This article delves into the broad social and economic impacts of wealth inequality, specifically focusing on its effects on happiness, as analyzed using micro survey data from the China Family Panel Studies (CFPS).
This article employs the panel OLS regression method with time and province fixed effects for the main result and heterogeneity analysis, then uses the mediating effect and moderating effect test for the mechanisms.
The article presents several key findings: 1. Impact of Wealth Inequality on Happiness. The study confirms that wealth inequality significantly reduces happiness, a conclusion reinforced by a range of consistency tests and endogeneity checks. 2. Heterogeneity Analysis. Three areas of heterogeneity are examined: Hukou status, education level, and family members’ average income. The results indicate that the happiness of families with a family head holding an urban Hukou, higher education, or a higher per-member income level is less affected by wealth inequality. 3. Mechanisms Affecting Happiness.
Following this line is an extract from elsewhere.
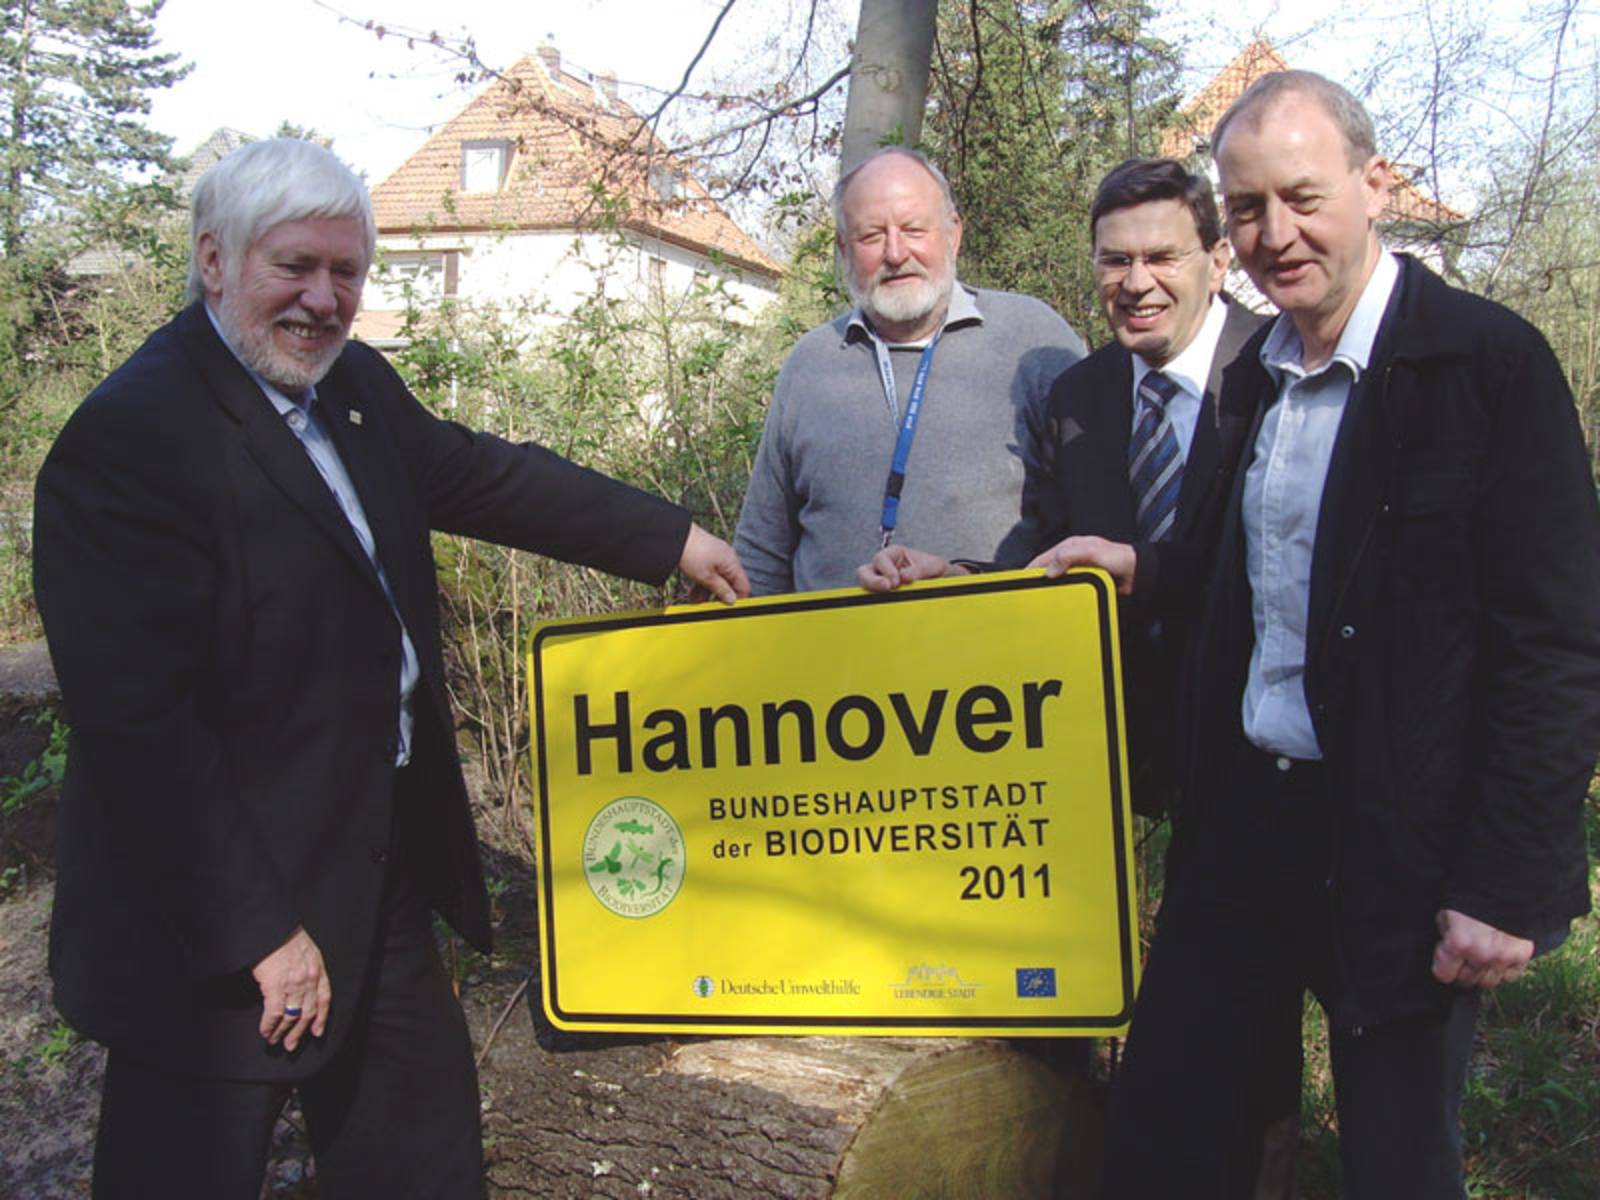 Hannover-Ortsschild mit Zusatz "Bundeshauptstadt der Biodiversität 2011"

At the micro-level, the article identifies two mediating pathways—health and marital status—through which wealth inequality negatively influences happiness. At the macro-level, it is found that social security expenditure and economic development can moderate these effects and enhance subjective happiness under the same conditions of wealth inequality. The contributions of this study are specific as: 1. This study addresses some of the existing gaps in the research regarding the relationship between wealth inequality and happiness. 2. The article utilizes relative deprivation as a measure of wealth inequality, considered a more apt metric for studying happiness compared to absolute inequality. 3. This research offers insights into the mechanisms behind the observed effects, considering both micro-level (individual and family) and macro-level (societal and economic) factors.